A widespread debt crisis will test Beijing’s ability to work with other major creditors – both multilateral development banks and traditional bilateral donors. China is not a member of the Paris Club or London Club groupings of creditor countries and has shown little appetite to date for engaging with other creditors. But, just as in previous large-scale debt relief efforts, a degree of multilateral cooperation will be necessary to resolve debt crises in the wake of the pandemic. After all, China is not the only creditor to BRI countries and the other lenders will want to ensure that the burden of debt relief is shared fairly among them. They will demand more transparency on BRI members’ debts to China, and could require that the terms of China’s loans be brought into line with other states’ if they are to enjoy the same preferential status. If China refuses to cooperate, other creditors will move to ensure that countries will not utilize the benefits of restructuring to repay BRI loans to China. In this circumstance, BRI countries will be much more likely to default on their Chinese loans.

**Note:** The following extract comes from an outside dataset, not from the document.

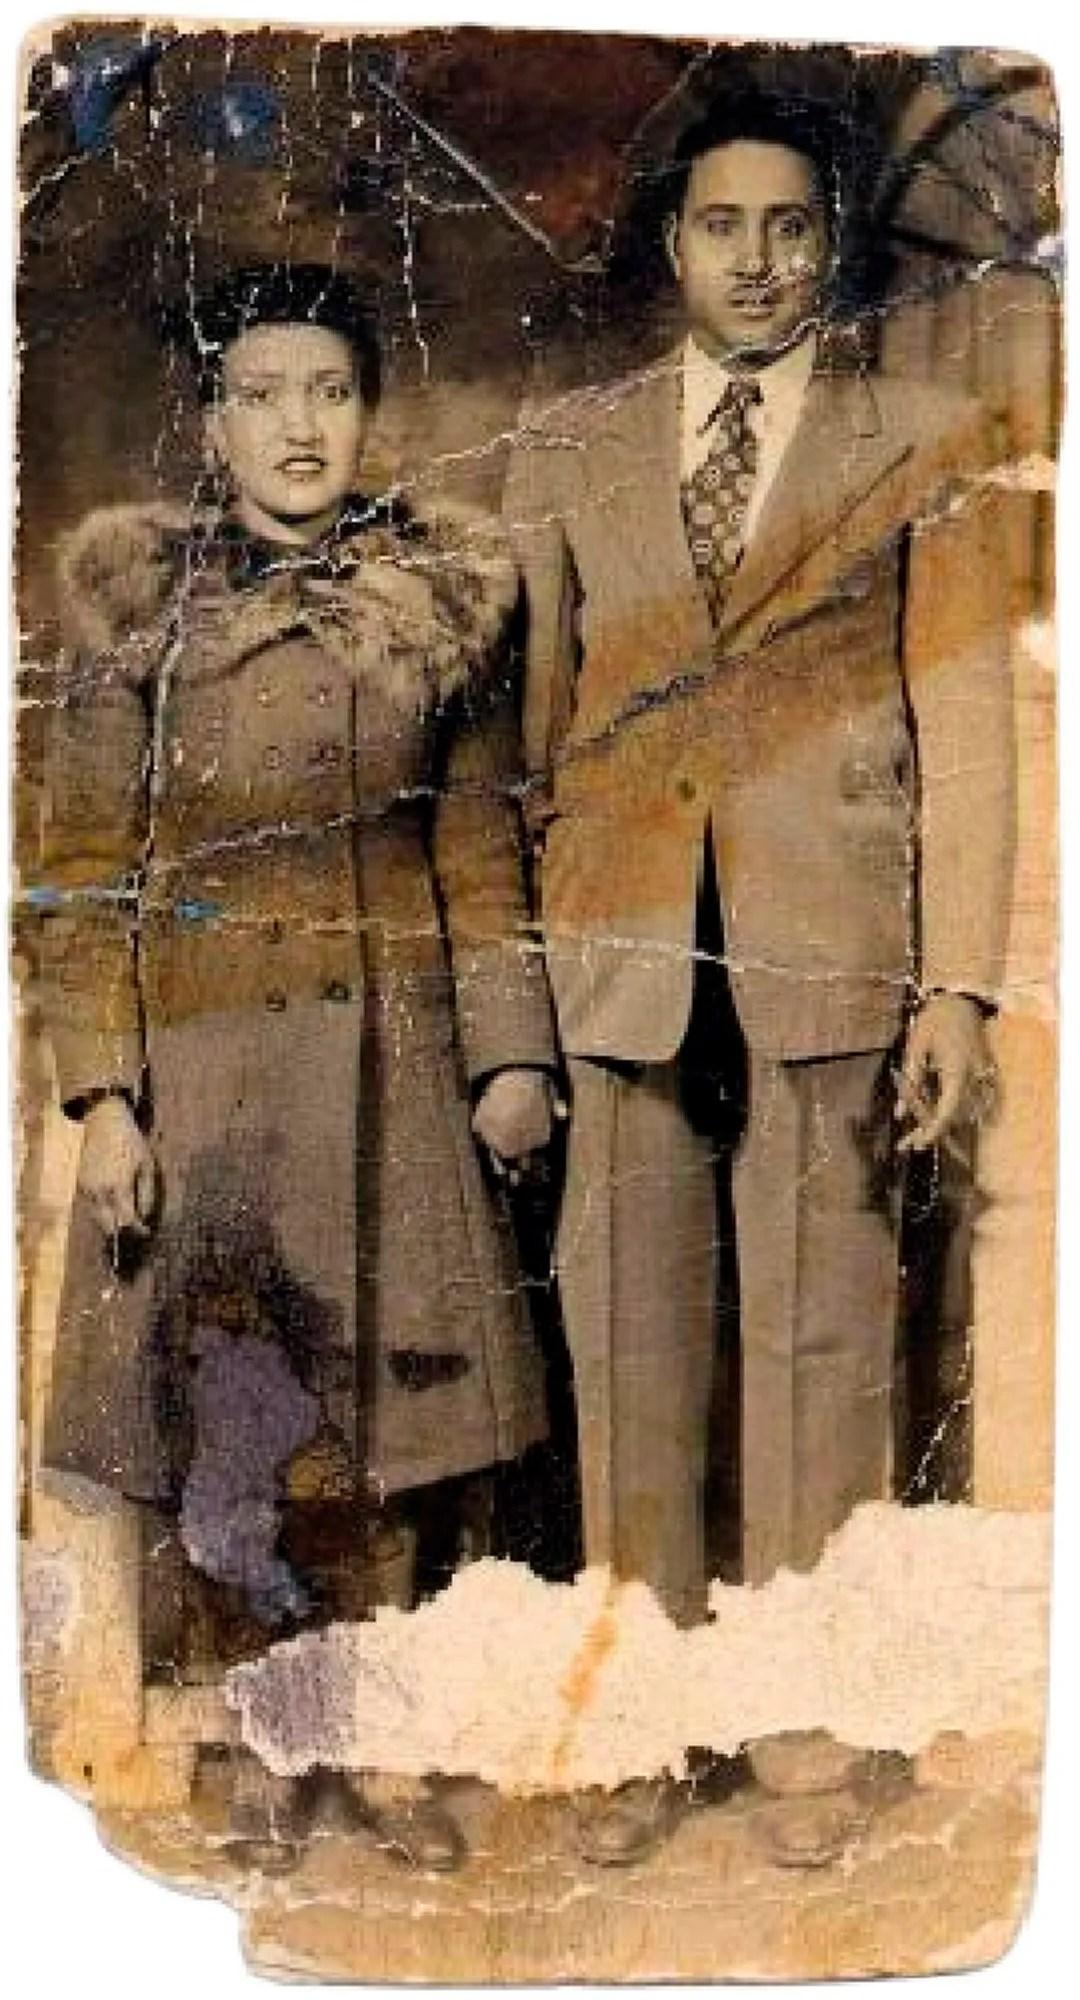 , WHO honours Henrietta Lacks, whose cells changed medicine, Nzuchi Times National News

However, China’s geopolitical messaging during the crisis suggests that Beijing retains a strong preference for bilateral rather than multilateral cooperation efforts. Its public diplomacy during the pandemic has aggressively promoted the image of China as the generous provider of medical equipment and expertise to the rest of the world and has contrasted its response with Europe’s and the United States’. Likewise, in the debt arena, Beijing will seek to engage in bilateral restructurings with BRI countries and present itself as a uniquely benevolent partner. This will not endear China to other creditors and will present debtors with a difficult choice. On the one hand, if BRI countries pursue multilateral debt renegotiations, creditors will impose strict limits on their payments to Beijing and this will make independent, bilateral restructuring of debts with China impossible. On the other hand, if BRI countries pursue bilateral negotiations with China, they will struggle to renegotiate their debts with other creditors, leaving the debt crises unresolved both for themselves and for Beijing.

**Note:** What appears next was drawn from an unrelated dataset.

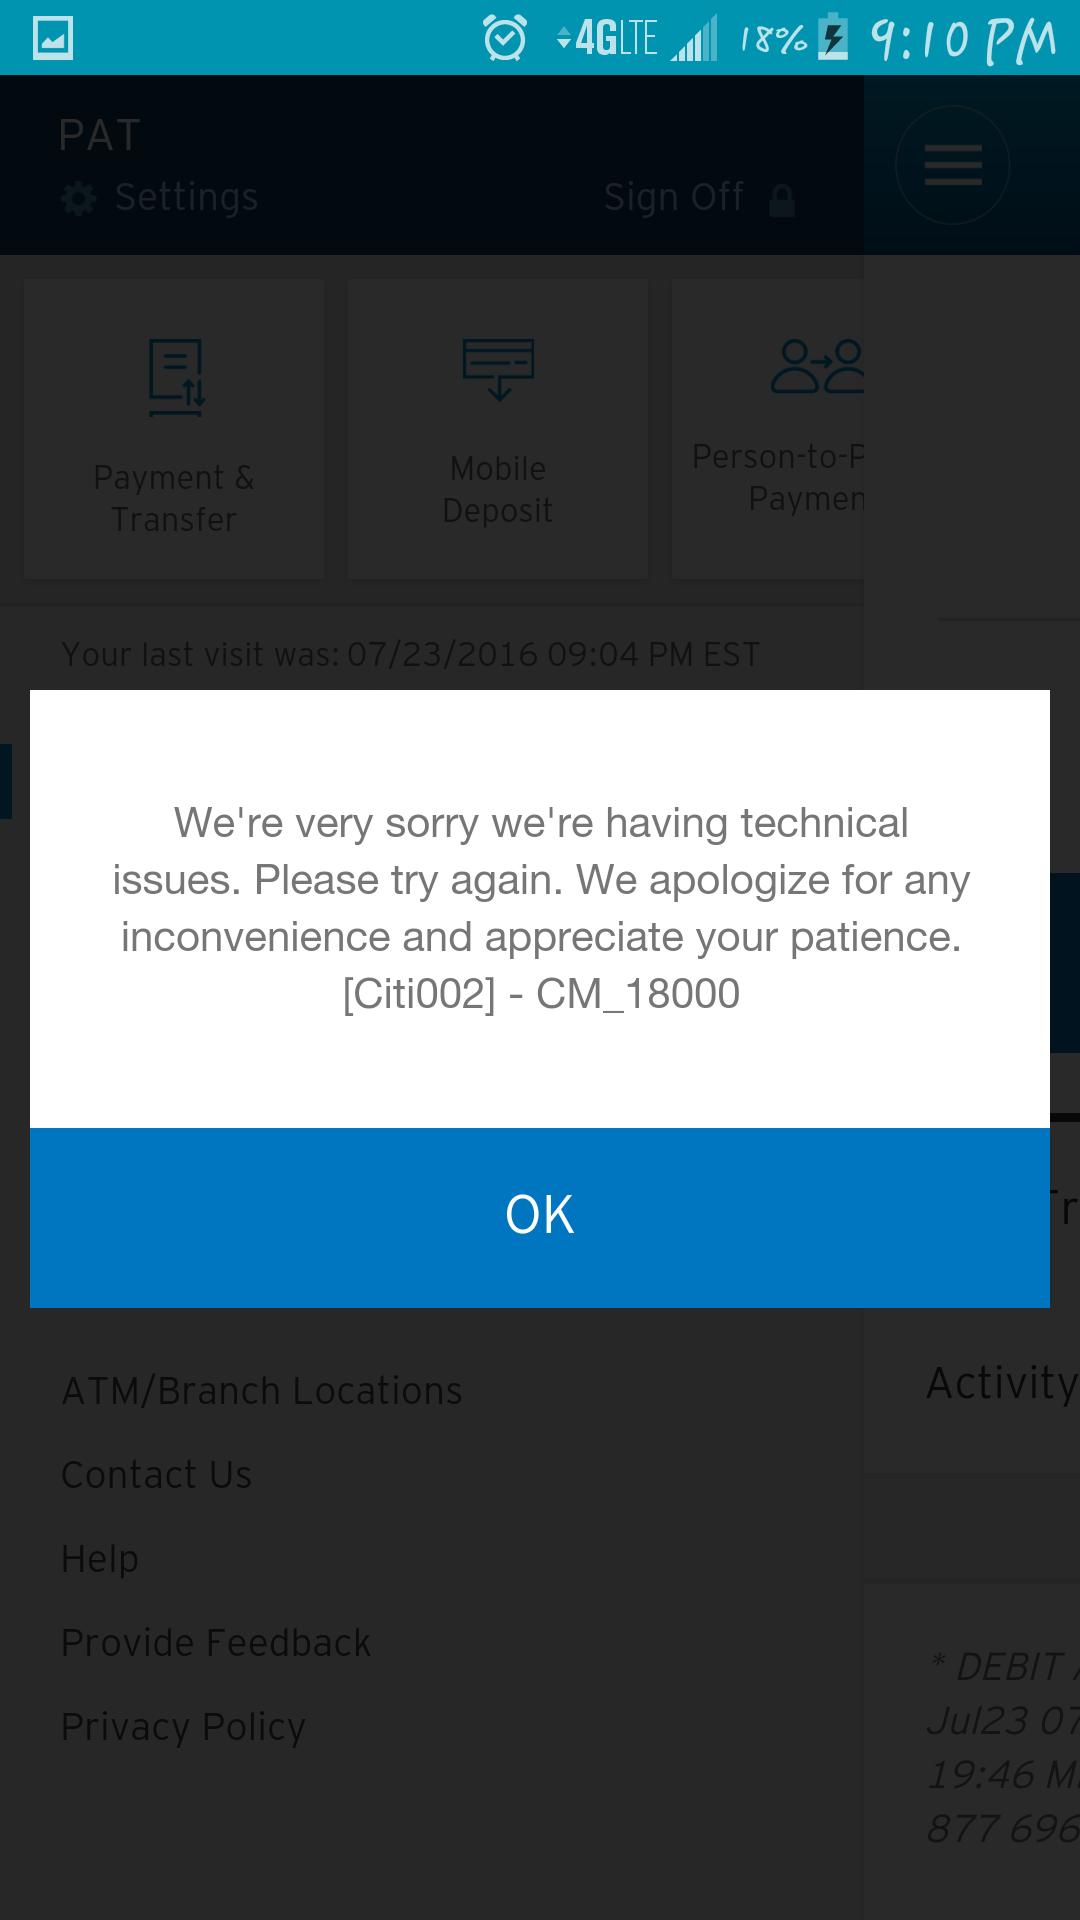 Citibank Customer Service Complaints Department

More constructive for China’s longer-term goals would be an alternative approach. The crisis could offer an opportunity for Beijing to accelerate its attempts to secure co-financing of BRI projects, in return for coordination on debt restructuring with other lenders. As the IISS report sets out, Beijing sees co-financing as an answer to the risks of debt unsustainability in BRI projects – a solution that could also be used to shore up projects that, post-pandemic, might otherwise hit the rocks. Whether other creditors will entertain this idea will depend in part on China’s openness to wider cooperation.

Without that cooperation, debt distress along the Belt and Road will be a serious threat to China’s own financial sustainability and to the operations of Chinese companies overseas. The impending crisis may yet reshape the way in which China engages both with its debtors and with other creditors.